Recorded information>
• • • • • • •

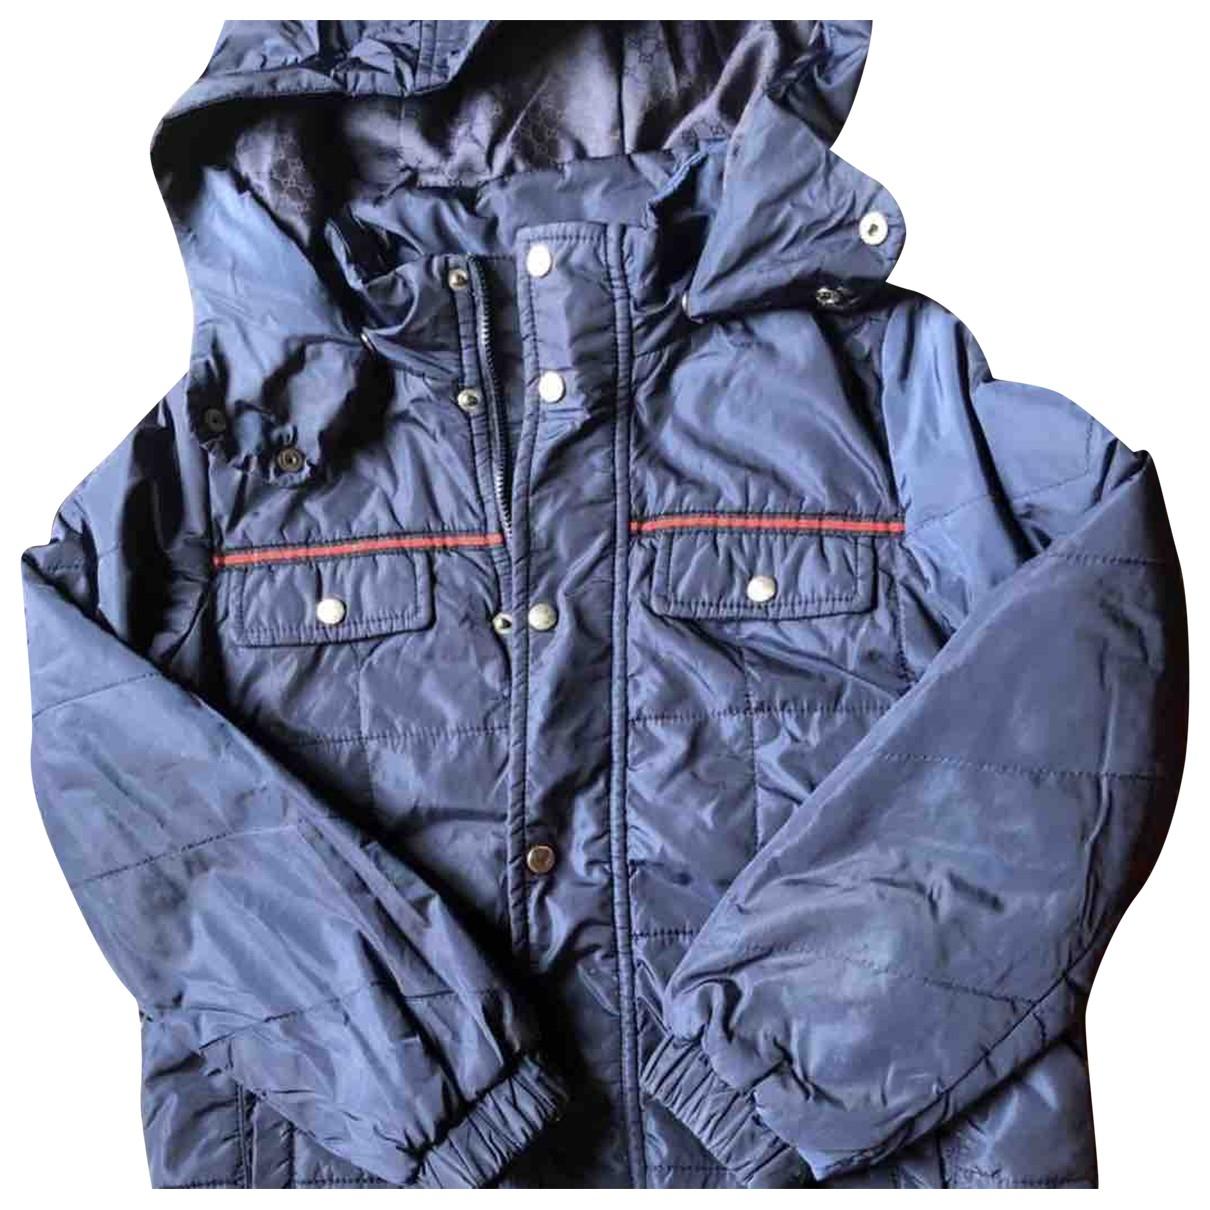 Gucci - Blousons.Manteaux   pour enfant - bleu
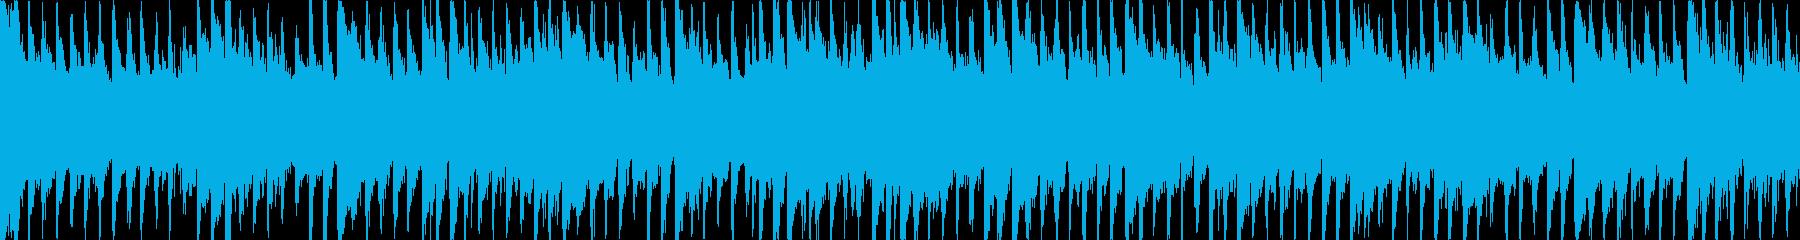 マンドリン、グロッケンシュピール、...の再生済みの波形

• • • • • • •

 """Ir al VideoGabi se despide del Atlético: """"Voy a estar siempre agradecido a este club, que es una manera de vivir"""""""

• • • • • • •

Activity> Skipping every picture, transcribe exactly the lines above from the one containing "Gucci - Blousons.Manteaux" through the one containing "マンドリン、グロッケンシュピール、...の再生済みの波形", both included.

Response>
 Gucci - Blousons.Manteaux   pour enfant - bleu
 マンドリン、グロッケンシュピール、...の再生済みの波形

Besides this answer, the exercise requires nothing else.